IDFの2日めに開かれた基調講演で,「Bay Trail」搭載タブレットを披露するASUS CEOのJerry Shen氏(左)と,IntelにてMobile and Communications Groupを担当する副社長のHermann Eul氏(右)
画像集#002のサムネイル/Atomの常識が根本的に変わる? 次世代AtomのCPUコア「Silvermont」の詳細が明らかに。Intel Developer Forumレポート その2
 Intelは米国サンフランシスコにて,開発者向けイベント「Intel Developer Forum 2013 San Francisco」(以下,IDF13)を開催している。その2日めである9月12日(北米時間)に,Intelは最新世代のAtomプロセッサなどに採用されるCPUマイクロアーキテクチャ「Silvermont」(シルヴァーモント,開発コードネーム)の詳細を公開した。本稿では,講演で明かされたSilvermontの詳細について解説していく。

新CPU「Broadwell」と次世代Atom「Bay Trail」が披露。組み込み向けの新SoC「Quark」も発表されたIntel Developer Forumレポート その1



抜本的な改良でAtomの性能を大幅に引き上げるSilvermont


これは6月に開催されたCOMPUTEX TAIPEI 2013で披露された,SilvermontベースのCPUラインナップ
画像集#003のサムネイル/Atomの常識が根本的に変わる? 次世代AtomのCPUコア「Silvermont」の詳細が明らかに。Intel Developer Forumレポート その2
 現在明らかにされているSilvermontベースのプロセッサラインナップには,タブレット向けの「Bay Trail-T」(ベイトレイル,開発コードネーム)こと「Atom Z3000」や,エントリーノートPC向けの「Bay Trail-M」,そしてサーバーやネットワーク機器向けの「Atom C2000」(Avoton/Rangeley,いずれも開発コードネーム),携帯電話用の「Merrifield」(メリフィールド,同)がある。

 Atomシリーズは今まで,45nmプロセス世代の「Bonnell」(ボンネル,同)コアや,32nmプロセス世代の「Saltwell」(ソルトウェル,同)コアを使っていた。これらは基本的に同一のアーキテクチャで,命令をメモリ内での順番通りに実行する「インオーダー実行」という仕組みを採用していた。
 Bonnellがインオーダー実行を採用したのは,主に消費電力の削減を実現するためだった。ところが,Atomが対抗しようとしているARM系のCPUコアは,命令の実行順序を入れ変えて,処理の高速化を実現する「アウトオブオーダー実行※1を取り入れて性能を向上させてきた。
※1 念のために補足しておくと,Atom以外のIntel製x86系CPUは,Pentium Pro以降どれもアウトオブオーダー実行である。

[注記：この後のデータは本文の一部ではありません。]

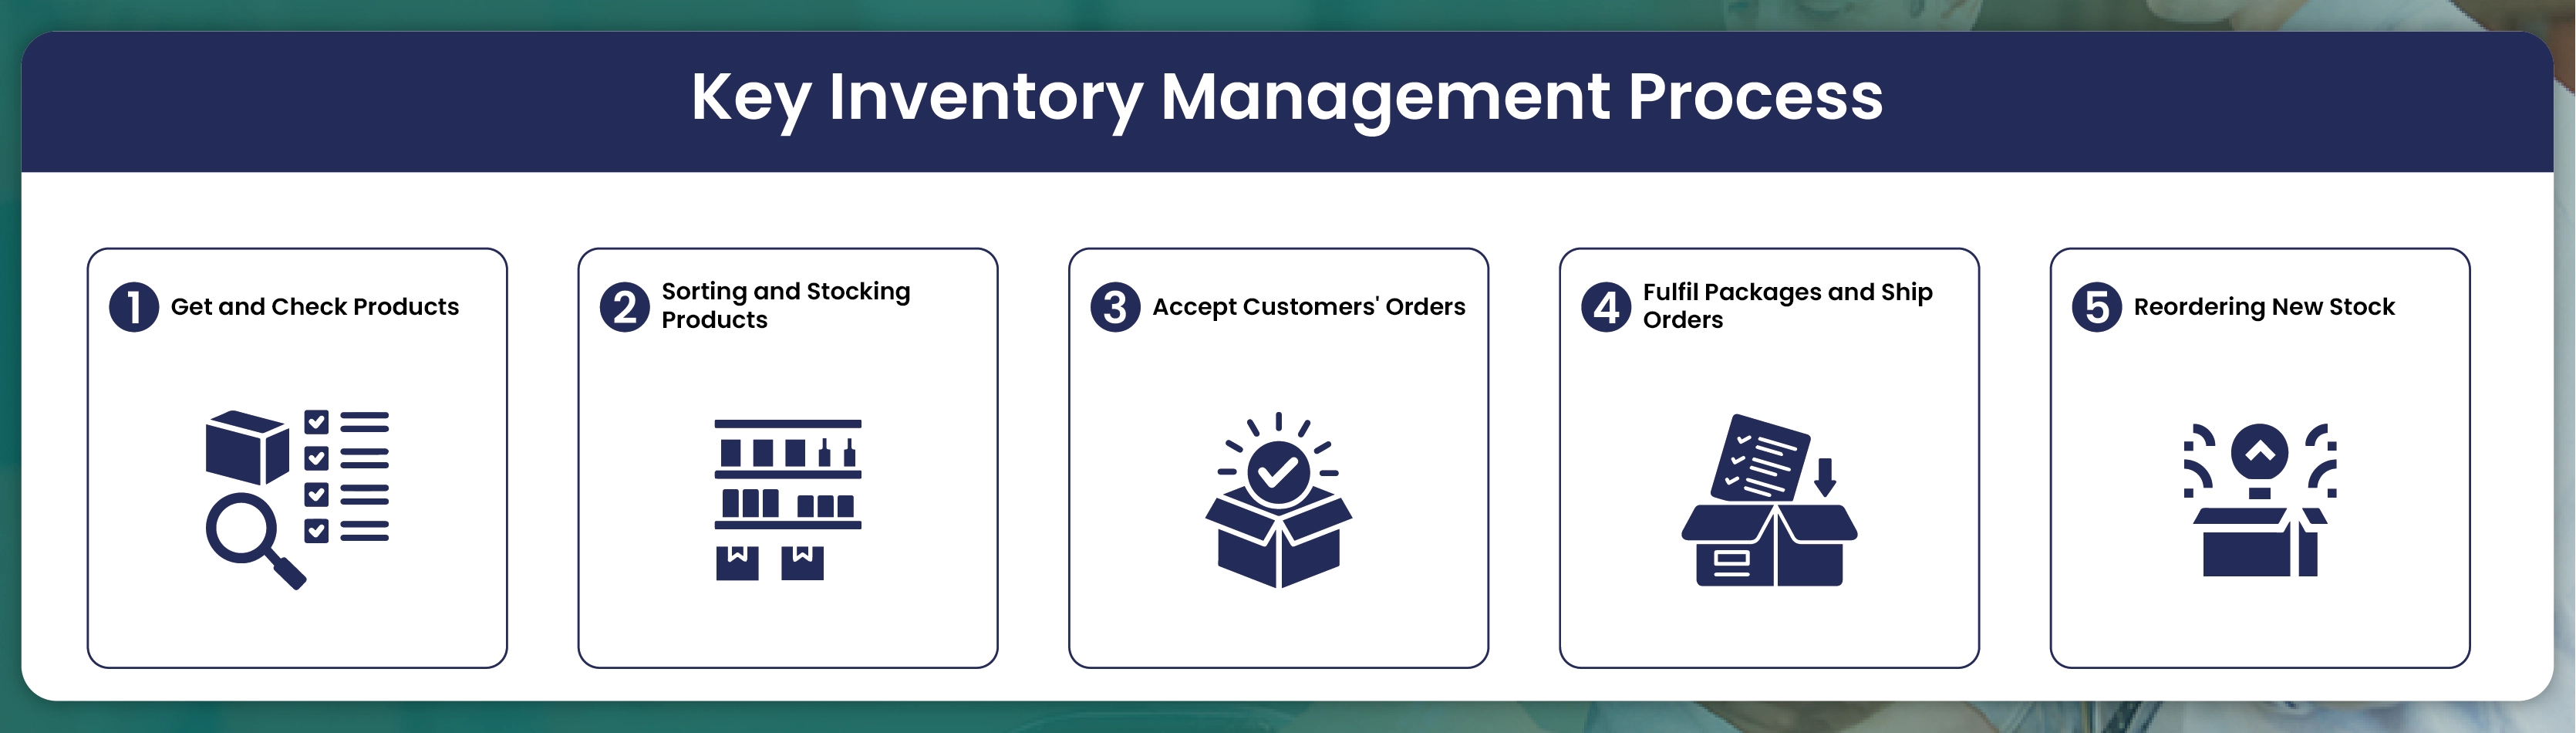 Key-Inventory-Management-Process-01
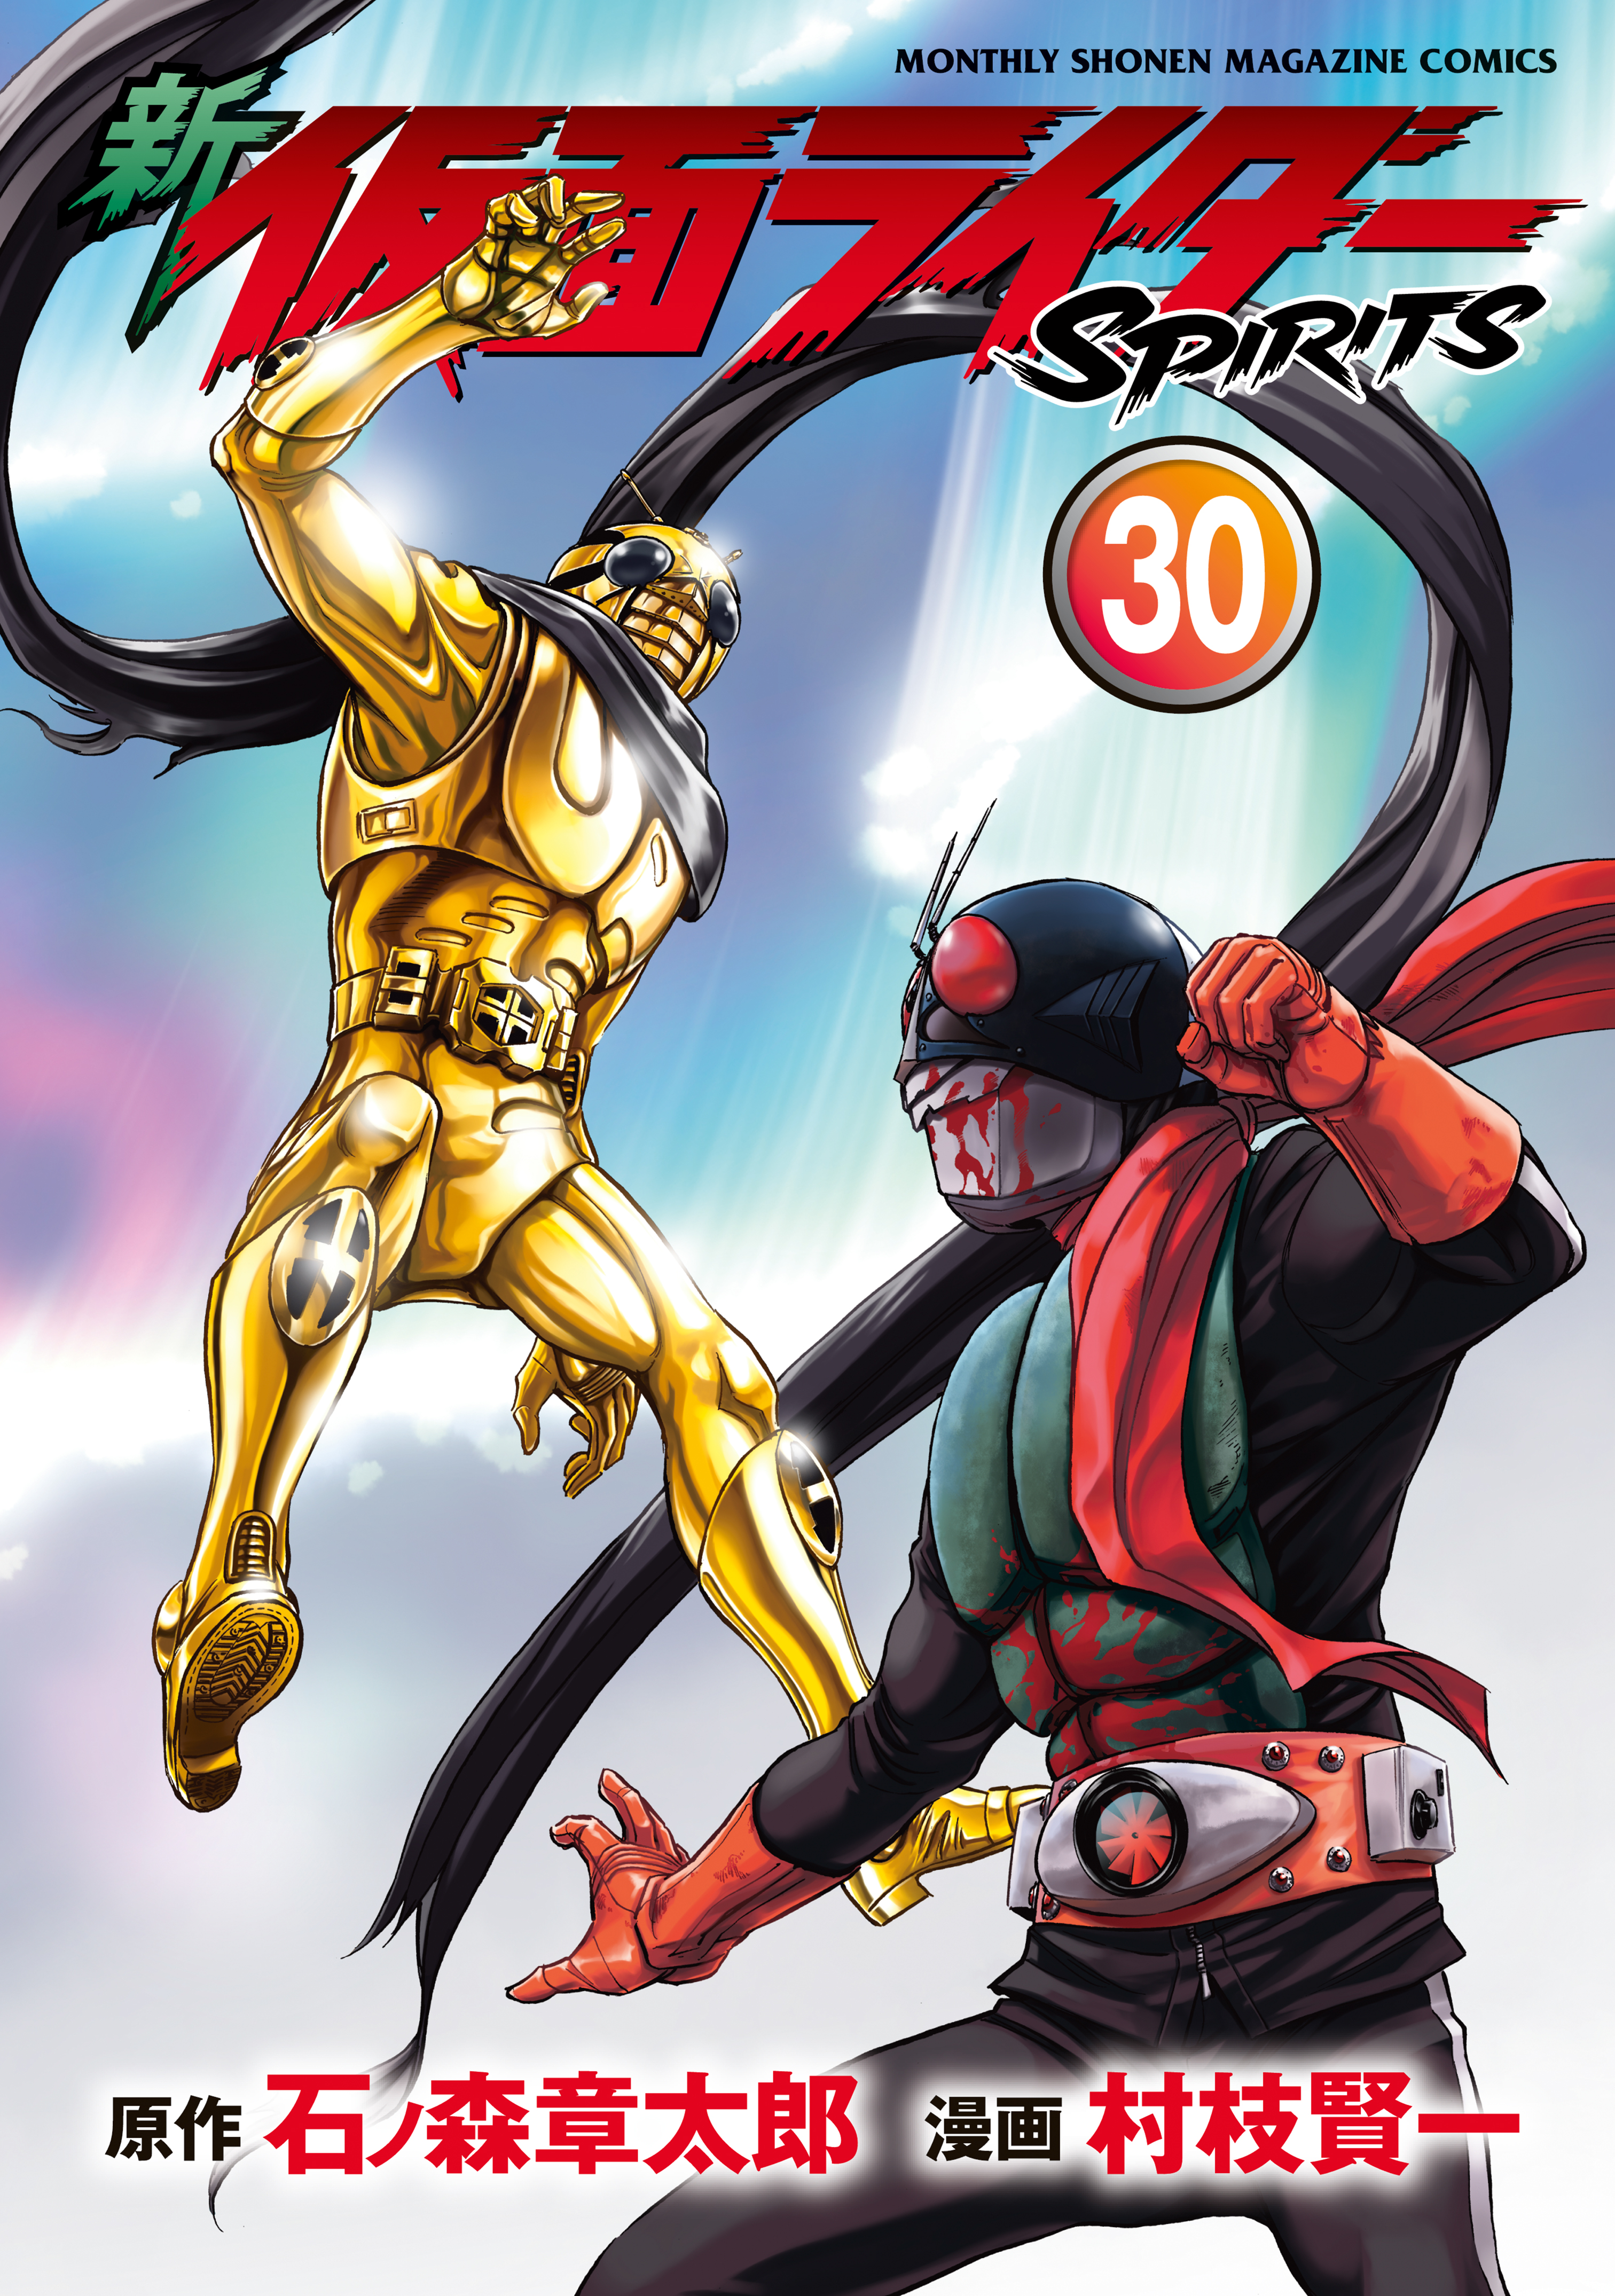 Shin Kamen Rider Spirits cover 17

 性能が向上したARM系CPUに対抗するには,Atomといえども性能の抜本的改善が必要だ。そこで新世代となるSilvermontは,「3Dトライゲートトランジスタ」(FinFET)を使う22nmプロセスで製造することにより,消費電力低減と動作周波数向上を実現するとともに,アウトオブオーダー実行を導入して高速化を行い,さらに64bit対応や仮想マシン支援機能(Intel VT)といった,PC用のCoreプロセッサに導入されている機能も一部取り込むことで,性能と機能を大幅に強化することとなった。

 Intelが主張するには,SilvermontはSaltwellの3倍のピーク性能を持ち,消費電力は約5分の1となっているという。別の言い方をするなら,SilvermontはSaltwellと比べて,同じ動作周波数ならば消費電力は半分に,同じ消費電力なら1.3倍以上の動作周波数で動作できるということだ。

画像集#004のサムネイル/Atomの常識が根本的に変わる? 次世代AtomのCPUコア「Silvermont」の詳細が明らかに。Intel Developer Forumレポート その2
同じ性能なら,Silvermontの消費電力はSaltwellと比べて最小で5分の1に(左から3番めのグラフ,ここでは4.7倍と表記),同じ性能なら最大2.8倍(左から4番め)になるという
画像集#005のサムネイル/Atomの常識が根本的に変わる? 次世代AtomのCPUコア「Silvermont」の詳細が明らかに。Intel Developer Forumレポート その2
Silvermont(青)とSaltwell(赤)の動作周波数と消費電力の関係を示したグラフ。同じ動作周波数なら消費電力は半分で,同じ消費電力なら性能は1.3倍と謳う

 Silvermontでは,CPUコア数とマルチスレッド動作にも変更が加えられている。SaltwellまでのAtomでは,1つの物理CPUコアが2つのスレッドを実行可能な「Intel Hyper-Threading Technology」(以下,HTT)に対応していた。一方,SilvermontはHTTをサポートせず,1つの物理CPUコアでは,同時に1つのスレッドしか実行しない。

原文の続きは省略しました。